Winning the 2021 Nobel Prize in Literature comes with mixed feelings for Gurnah and the rest of us who are book lovers.
For some, the name is new, suggesting Gurnah as a writer who moved from oblivion to stardom.
To some others, Abdulrazak Gurnah is a name synonymous to life experiences of refugees as most of his works mirrors these quintessential realities in the purest form.
While congratulatory messages continue to pure in, here are 10 novels written by the novelist that you may consider to have a feel of the author and foremost editor who has lived and worked in different countries to include Tanzania, Nigeria, and England.
Beyond the titles, these are some of the commentaries we got from leading book aggregator website, Goodread.
ALSO READ: Abdulrazak Gurnah: former Bayero University lecturer wins 2021 Nobel Prize in Literature
We hope you will love it.
The Last Gift: Abdulrazak Gurnah
One day, long before the troubles, he slipped away without saying a word to anyone and never went back.
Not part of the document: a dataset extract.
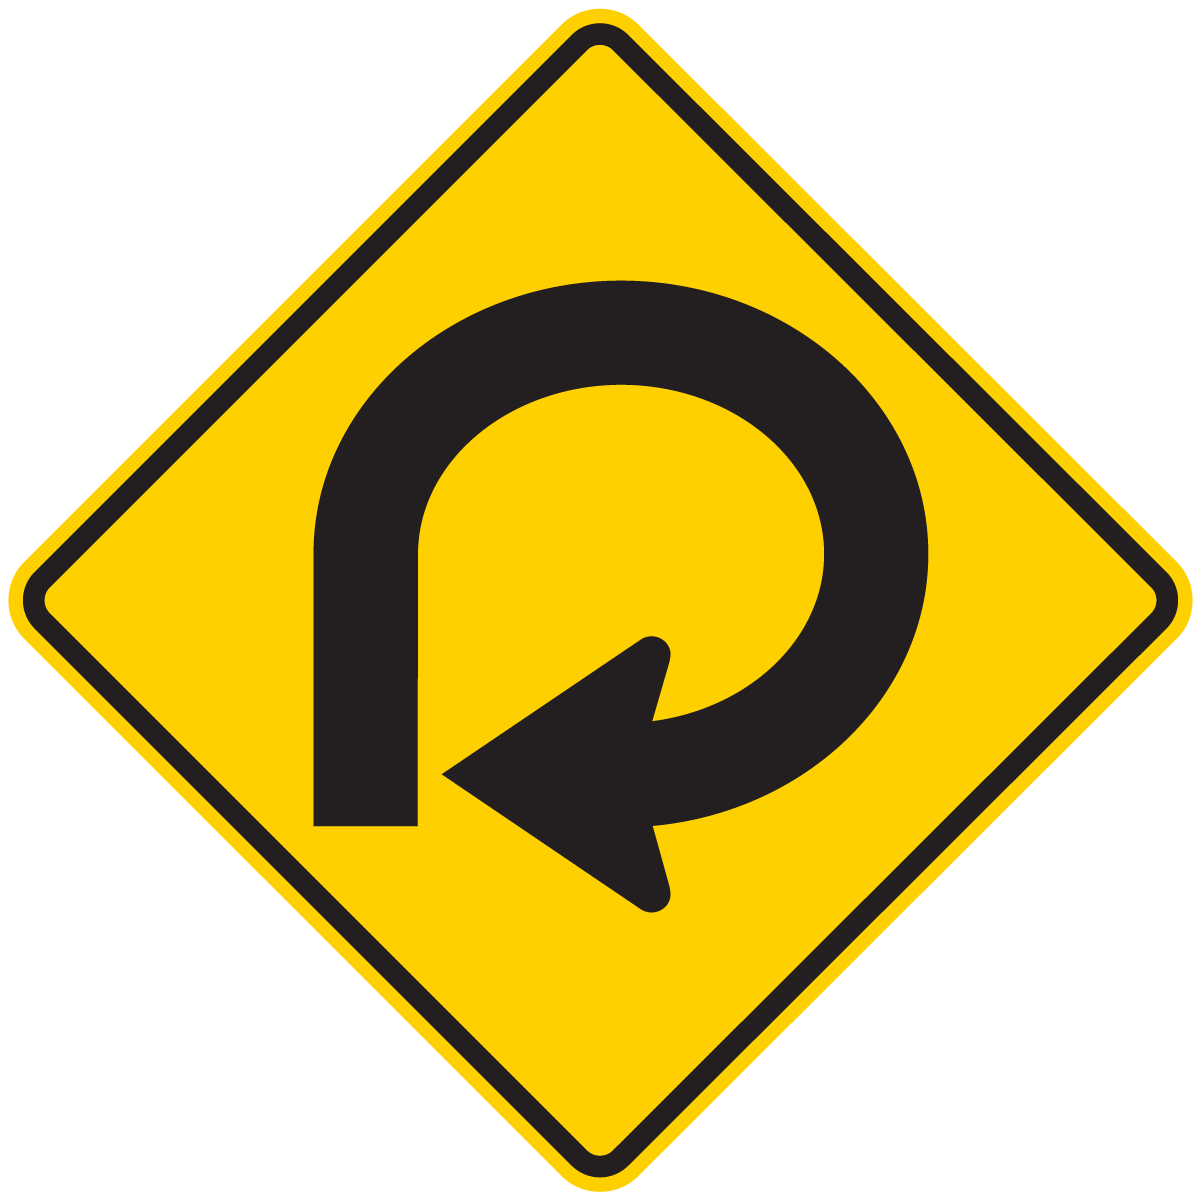 W1-15 270 Degree (Loop) Curve (Left or Right)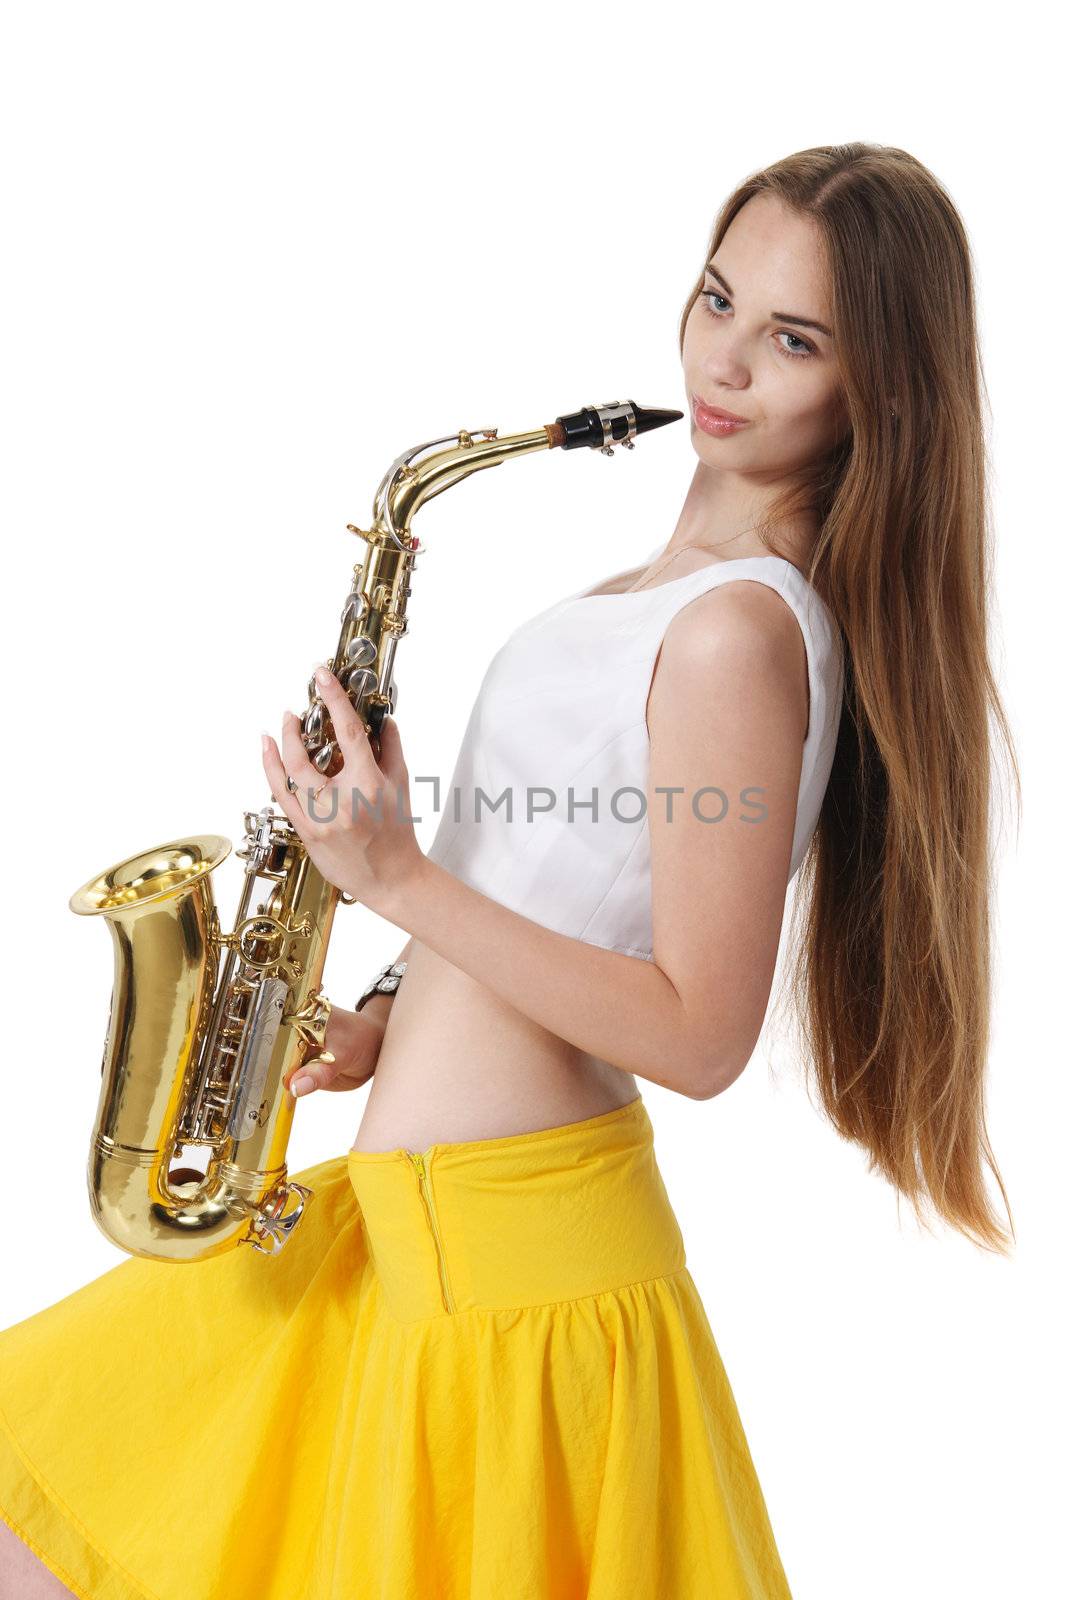 Girl with a sax musical instrument on tne white background

And then another day, forty three years later, he collapsed just inside the front door of his house in a small English town.
Memory of Departure: Abdulrazak Gurnah
Vehement, comic and shrewd, Abdulrazak Gurnah’s first novel is an unwavering contemplation of East African coastal lifePoverty and depravity wreak havoc on Hassan Omar’s family. Amid great hardship he decides to escape. The arrival of Independence brings new upheavals as well as the betrayal of the promise of freedom.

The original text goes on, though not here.